This guide covers how to train and fine-tune the top-layer matting module of LayerD using the Crello dataset.

Overview

LayerD's matting module is based on BiRefNet, which can be fine-tuned on custom datasets. We provide:

  • Dataset preparation tools for the Crello dataset
  • Training scripts with Hydra configuration
  • Support for single-GPU and multi-GPU training
  • Integration with torch.distributed and Hugging Face Accelerate

Prerequisites

Installation

Install LayerD with training dependencies:

pip install "git+https://github.com/CyberAgentAILab/LayerD.git#egg=layerd[train]"

Or for development:

git clone https://github.com/CyberAgentAILab/LayerD.git
cd LayerD
uv sync --all-extras --all-groups

Hardware Requirements

  • Minimum: NVIDIA GPU with 16GB VRAM
  • Recommended: NVIDIA A100 40GB or similar
  • Multi-GPU: 2-4 GPUs for faster training

Dataset Requirements

  • Storage: ~20GB for Crello dataset
  • Additional: ~50-100GB for generated training dataset
  • Internet: Stable connection for initial dataset download

Dataset Preparation

Downloading and Preparing Crello Dataset

The Crello dataset is available on HuggingFace and can be automatically downloaded and converted:

uv run python ./tools/generate_crello_matting.py \
  --output-dir /path/to/dataset \
  --inpainting \
  --save-layers

Script Options

  • --output-dir (required): Output directory for prepared dataset
  • --inpainting: Apply inpainting to create intermediate composite images
  • --save-layers: Save individual layers (useful for evaluation)

Dataset Structure

After preparation, the dataset has the following structure:

/path/to/dataset/
├── train/
│   ├── im/          # Input images (full composite or intermediate composite)
│   ├── gt/          # Ground-truth alpha mattes (top-layer)
│   ├── composite/   # Full composite images (for evaluation)
│   └── layers/      # Ground-truth RGBA layers (for evaluation)
├── validation/
│   ├── im/
│   ├── gt/
│   ├── composite/
│   └── layers/
└── test/
    ├── im/
    ├── gt/
    ├── composite/
    └── layers/

Directories explained:

  • im/: Input images for training (what the model sees)
  • gt/: Ground-truth alpha mattes (what the model predicts)
  • composite/: Full composite images (not used in training, for evaluation)
  • layers/: Individual layers (not used in training, for evaluation)

Dataset Generation Time

First run downloads the Crello dataset (~20GB) from HuggingFace:

  • Download time: Depends on connection speed (30 min - 2 hours)
  • Processing time: ~2-4 hours on a modern CPU

Training Configuration

LayerD uses Hydra for configuration management. The default configuration is in src/layerd/configs/train.yaml.

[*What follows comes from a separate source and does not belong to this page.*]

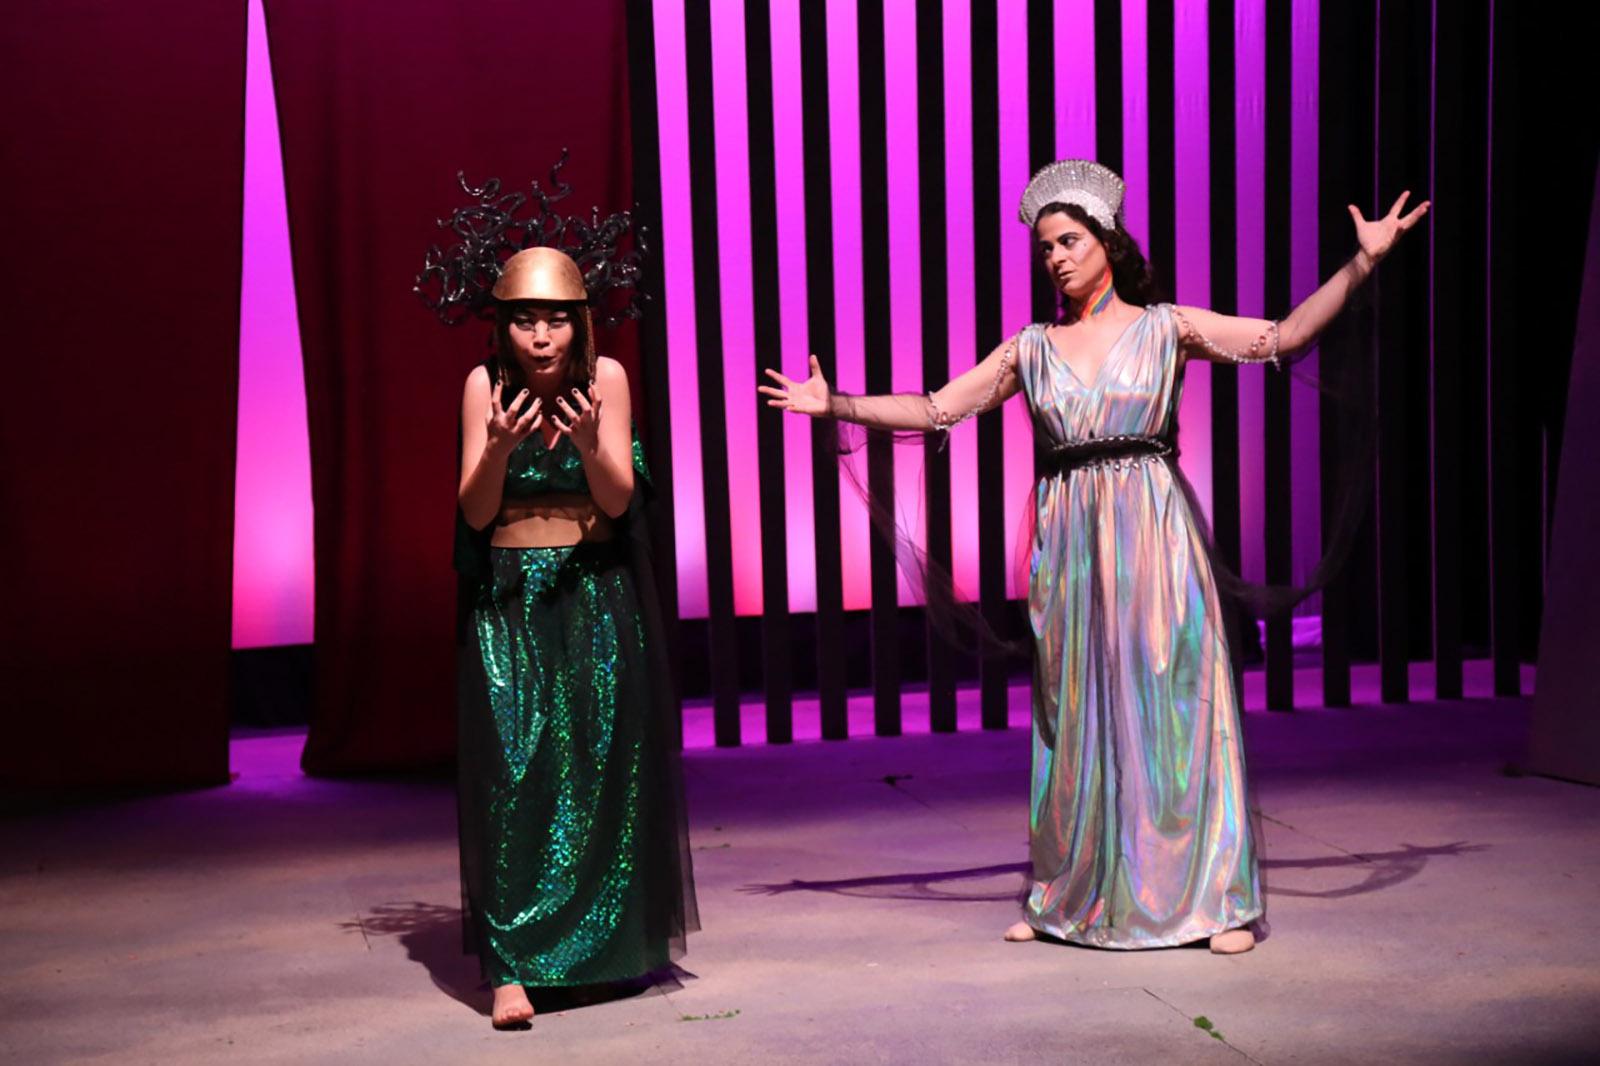 Yilin Liu as Lyssa and Darcy Krasne as Iris, in Herakles, 2019
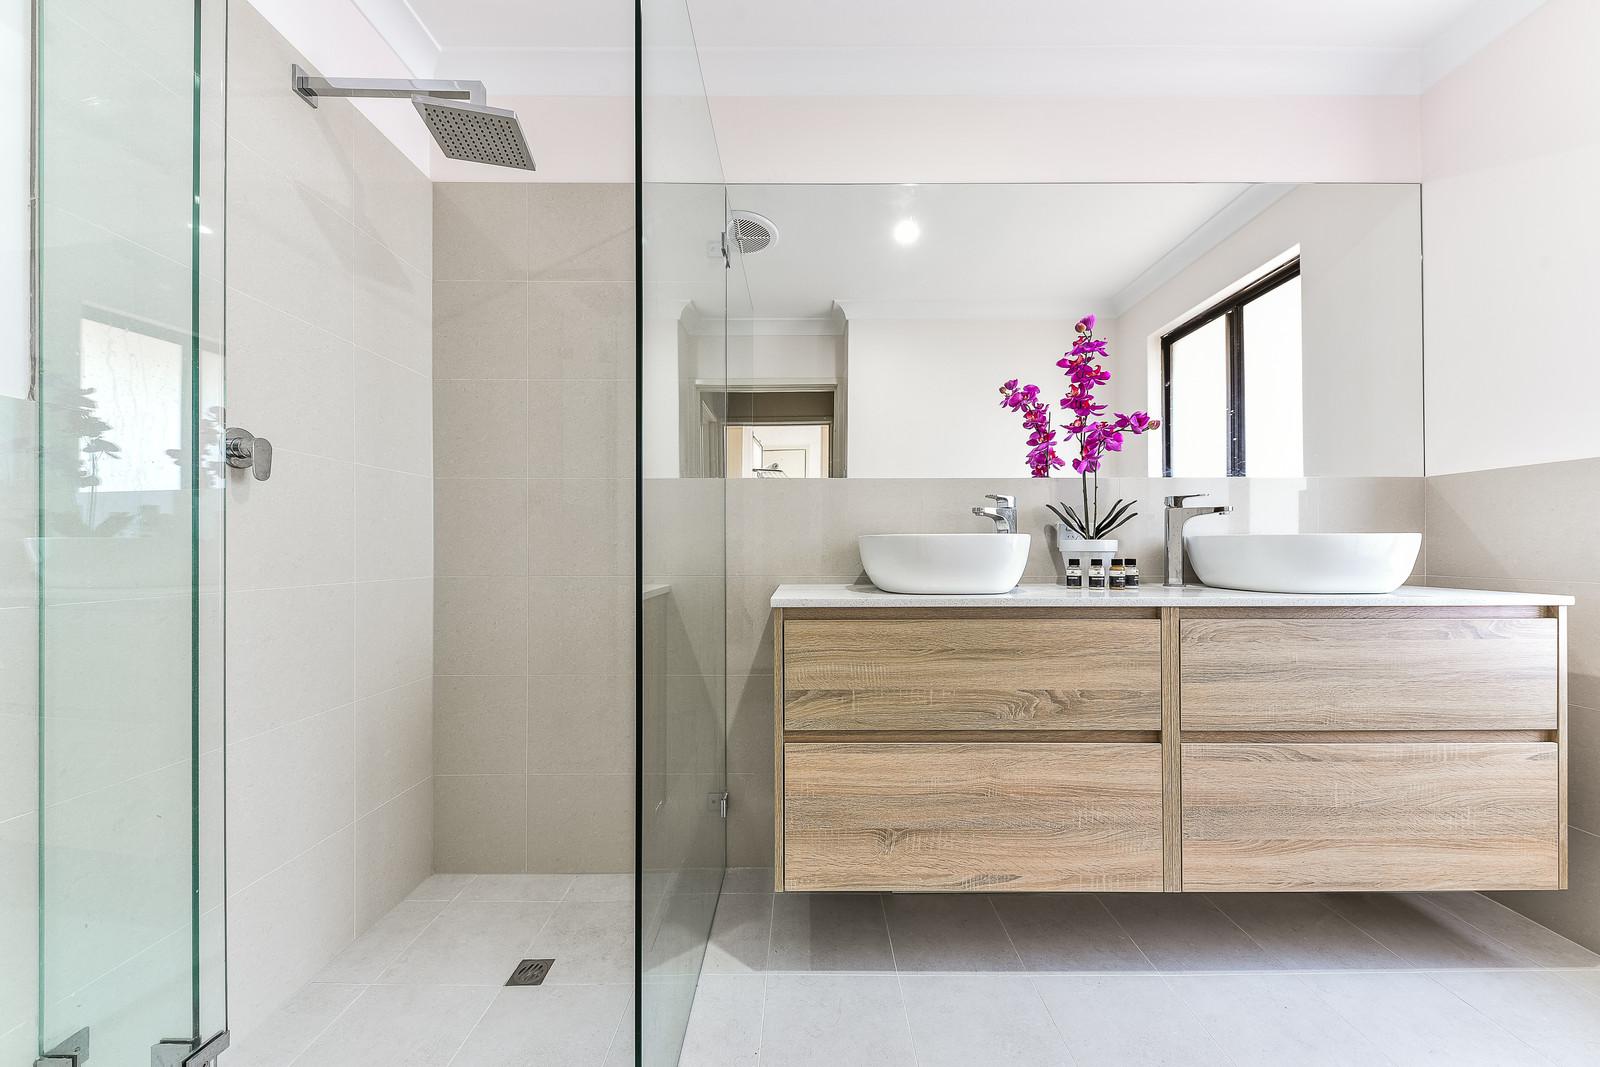 Bathroom Renovations Perth Western Australia   Bathroom ideas WA ...

Configuration File Structure

Key configuration parameters:

# Data
data_root: ???  # Must be specified at runtime
batch_size: 4
num_workers: 4

# Model
model_name: "birefnet"
backbone: "pvt_v2_b2"

# Training
epochs: 100
learning_rate: 1e-4
weight_decay: 1e-4

# Checkpoints
ckpt: null          # Load checkpoint and resume optimizer/scheduler state
resume_from: null   # Load model weights only (flexible checkpoint loading)

# Optimization
optimizer: "adamw"
scheduler: "cosine"

# Distributed training
dist: false
use_accelerate: false
mixed_precision: "no"

# Output
out_dir: ???  # Must be specified at runtime
save_interval: 10

Required Parameters

These parameters must be specified at runtime:

  • data_root: Path to prepared dataset directory
  • out_dir: Path to save training outputs (checkpoints, logs)

Training

Single GPU Training

Basic training on a single GPU:

uv run python ./tools/train.py \
  config_path=./src/layerd/configs/train.yaml \
  data_root=/path/to/dataset \
  out_dir=/path/to/output \
  device=cuda

Multi-GPU Training with torch.distributed

For distributed training across multiple GPUs using torch.distributed:

CUDA_VISIBLE_DEVICES=0,1 uv run torchrun --standalone --nproc_per_node 2 \
  ./tools/train.py \
  config_path=./src/layerd/configs/train.yaml \
  data_root=/path/to/dataset \
  out_dir=/path/to/output \
  dist=true

Parameters:

  • CUDA_VISIBLE_DEVICES: Specify which GPUs to use
  • --nproc_per_node: Number of processes (should match number of GPUs)
  • dist=true: Enable distributed training mode

Multi-GPU Training with Hugging Face Accelerate

For distributed training with mixed precision using Accelerate:

CUDA_VISIBLE_DEVICES=0,1 uv run torchrun --standalone --nproc_per_node 2 \
  ./tools/train.py \
  config_path=./src/layerd/configs/train.yaml \
  data_root=/path/to/dataset \
  out_dir=/path/to/output \
  use_accelerate=true \
  mixed_precision=bf16

Mixed precision options:

  • no: Full precision (float32)
  • fp16: Half precision (float16)
  • bf16: BFloat16 (recommended for A100 GPUs)

Overriding Configuration

Override any configuration parameter from command line:

uv run python ./tools/train.py \
  config_path=./src/layerd/configs/train.yaml \
  data_root=/path/to/dataset \
  out_dir=/path/to/output \
  batch_size=8 \
  learning_rate=5e-5 \
  epochs=50 \
  device=cuda

Resuming Training

LayerD provides two options for loading checkpoints during training:

Using ckpt (Full Resume)

The ckpt parameter loads a complete checkpoint including model weights, optimizer state, and scheduler state. Use this to resume interrupted training:

uv run python ./tools/train.py \
  config_path=./src/layerd/configs/train.yaml \
  data_root=/path/to/dataset \
  out_dir=/path/to/output \
  ckpt=/path/to/checkpoint.pth \
  device=cuda

This continues training from the exact state where it was interrupted, including the learning rate schedule and optimizer momentum.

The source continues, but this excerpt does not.